Given material =>
┌──

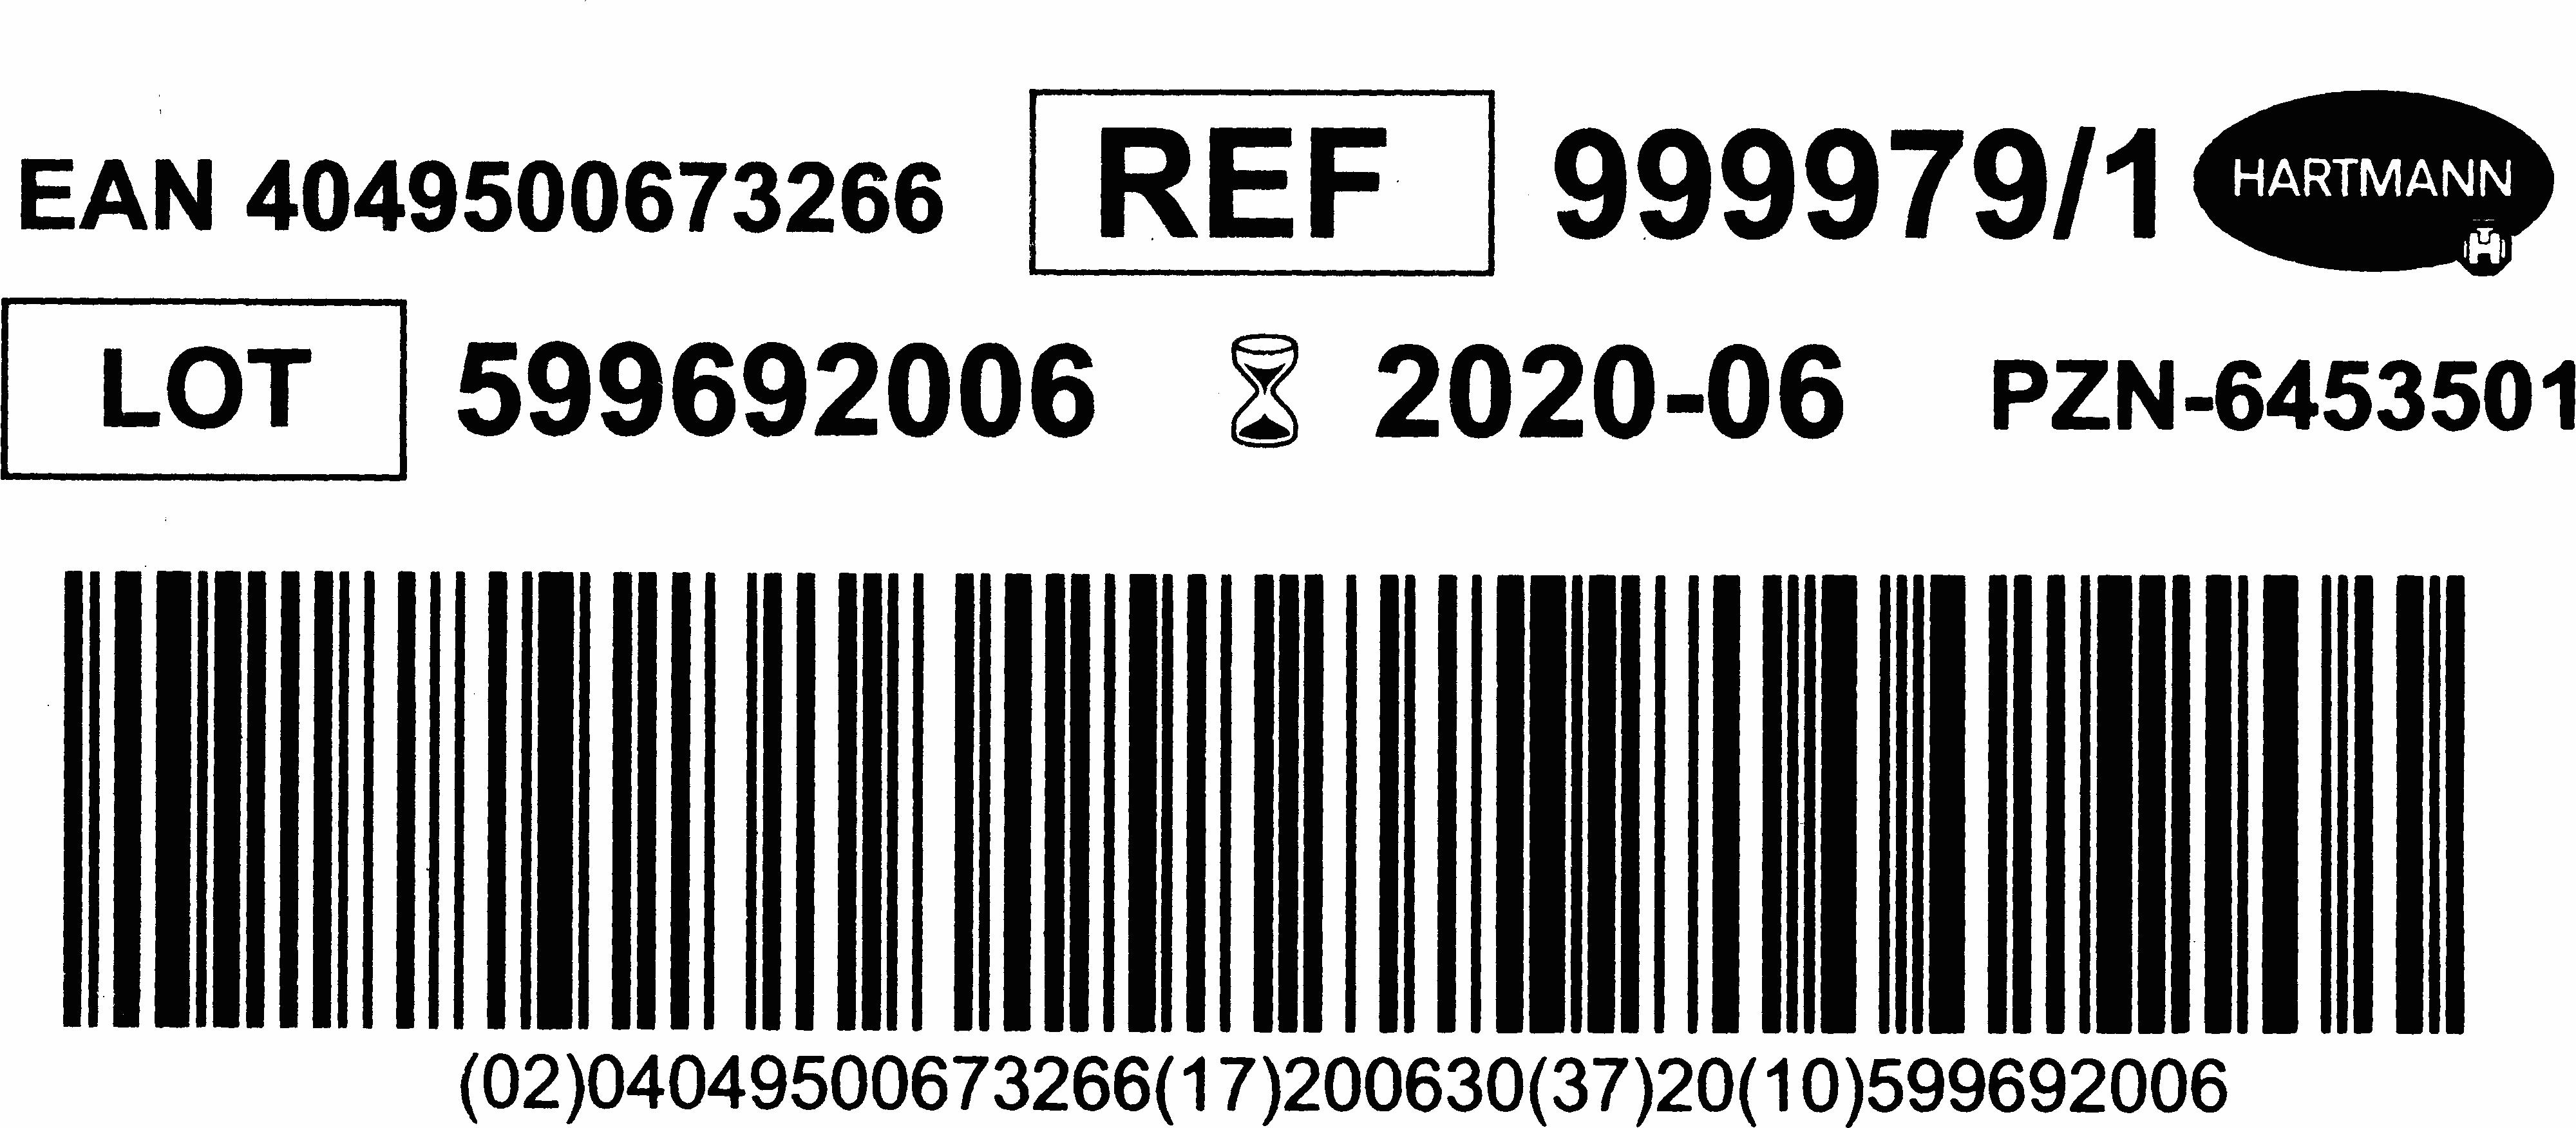 (02)04049500673266(17)200630(37)20(10)599692006
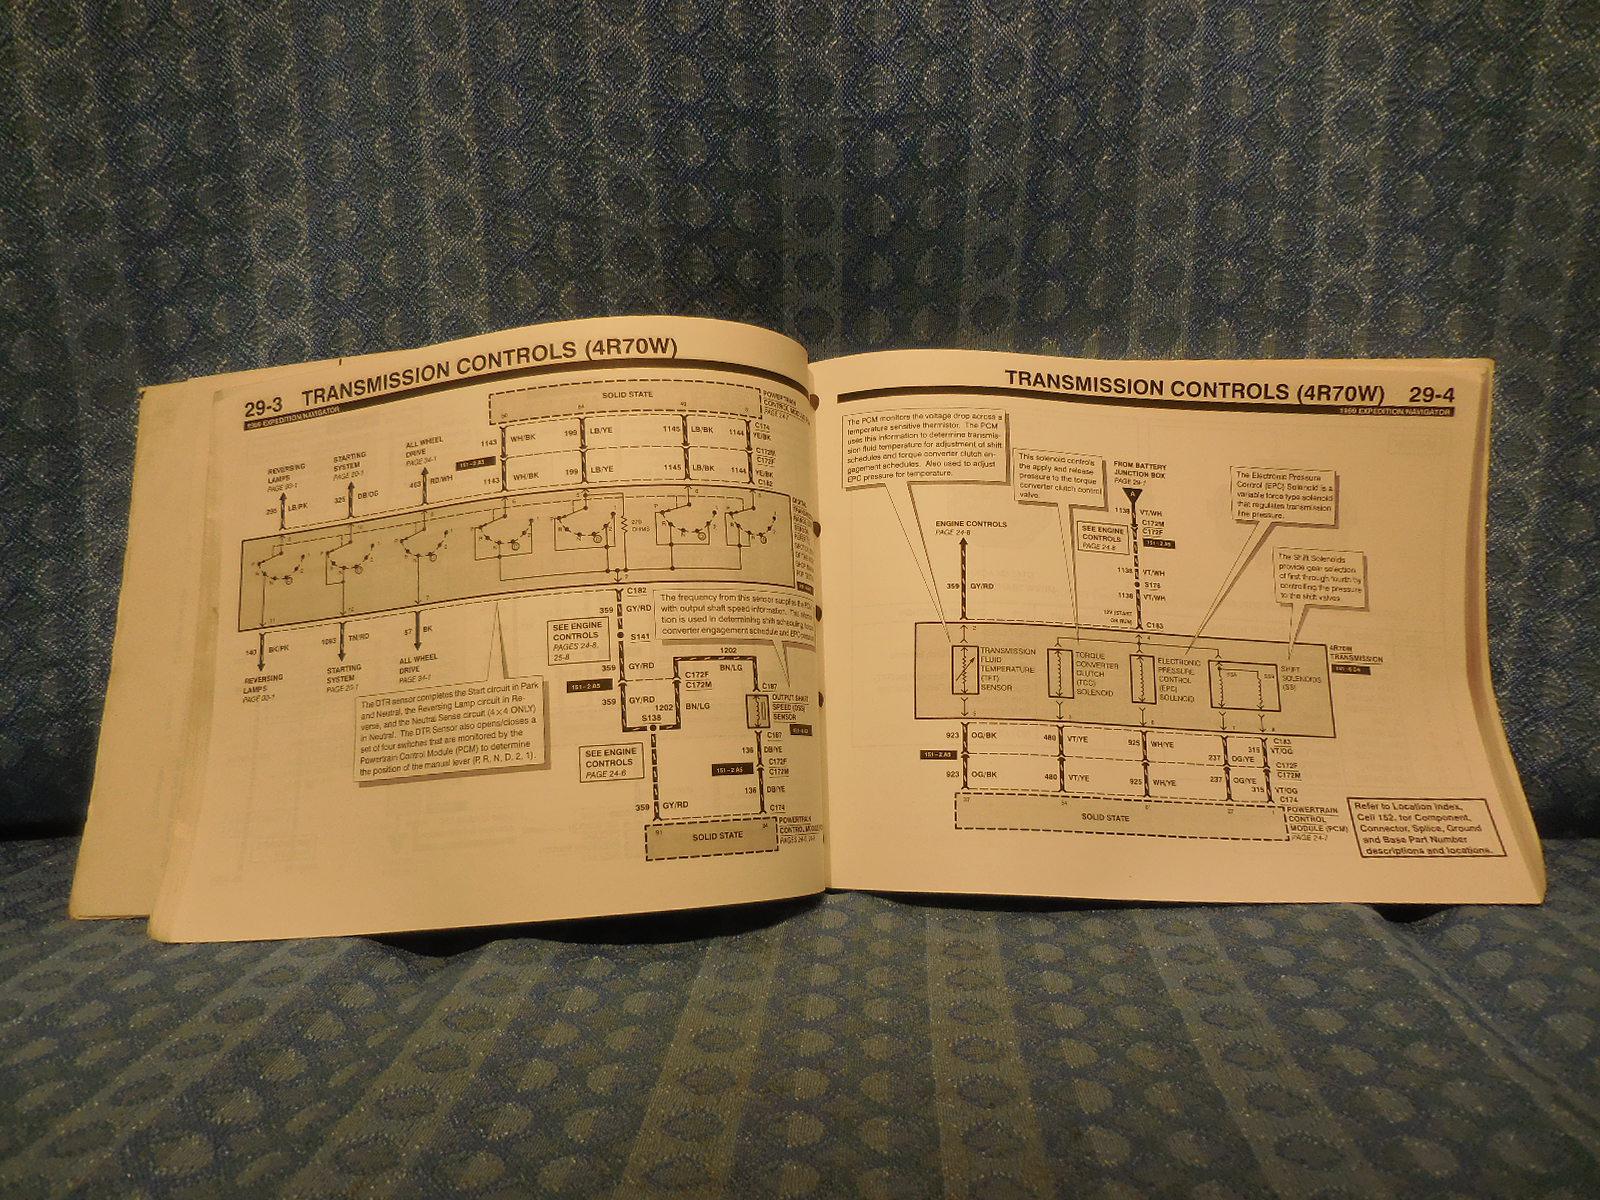 E46 Hvac Diagram Free Download Wiring Diagram Schematic
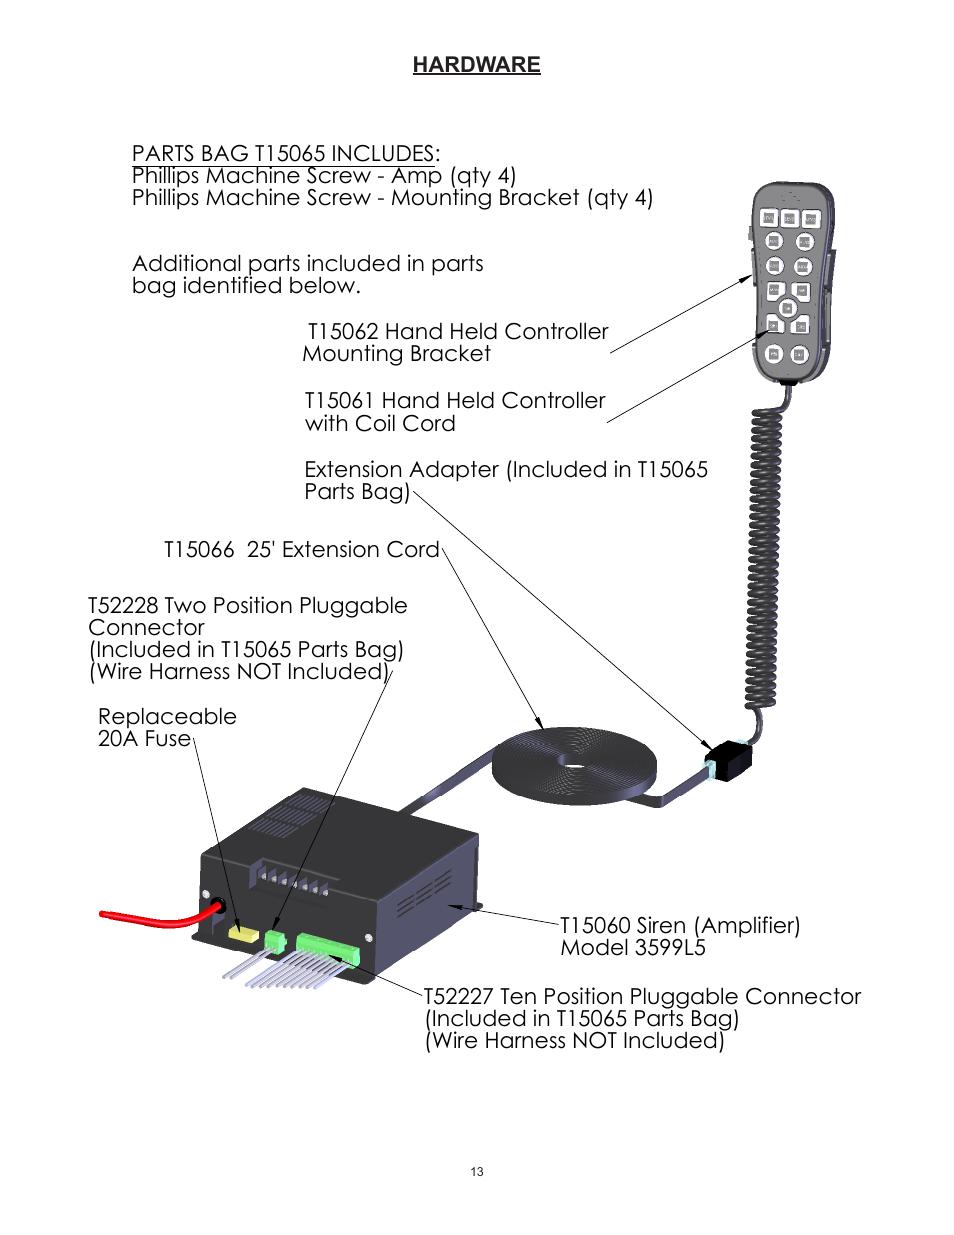 Code 3 Siren Control Box Wiring Diagram - Wiring Diagram Federal Signal Pa Wiring Diagram on

└──

How to complete this task => The whole listing should be retyped word for word; none of its pictures belong in the copy.

Exercise response =>
 (02)04049500673266(17)200630(37)20(10)599692006
 E46 Hvac Diagram Free Download Wiring Diagram Schematic
 Code 3 Siren Control Box Wiring Diagram - Wiring Diagram Federal Signal Pa Wiring Diagram on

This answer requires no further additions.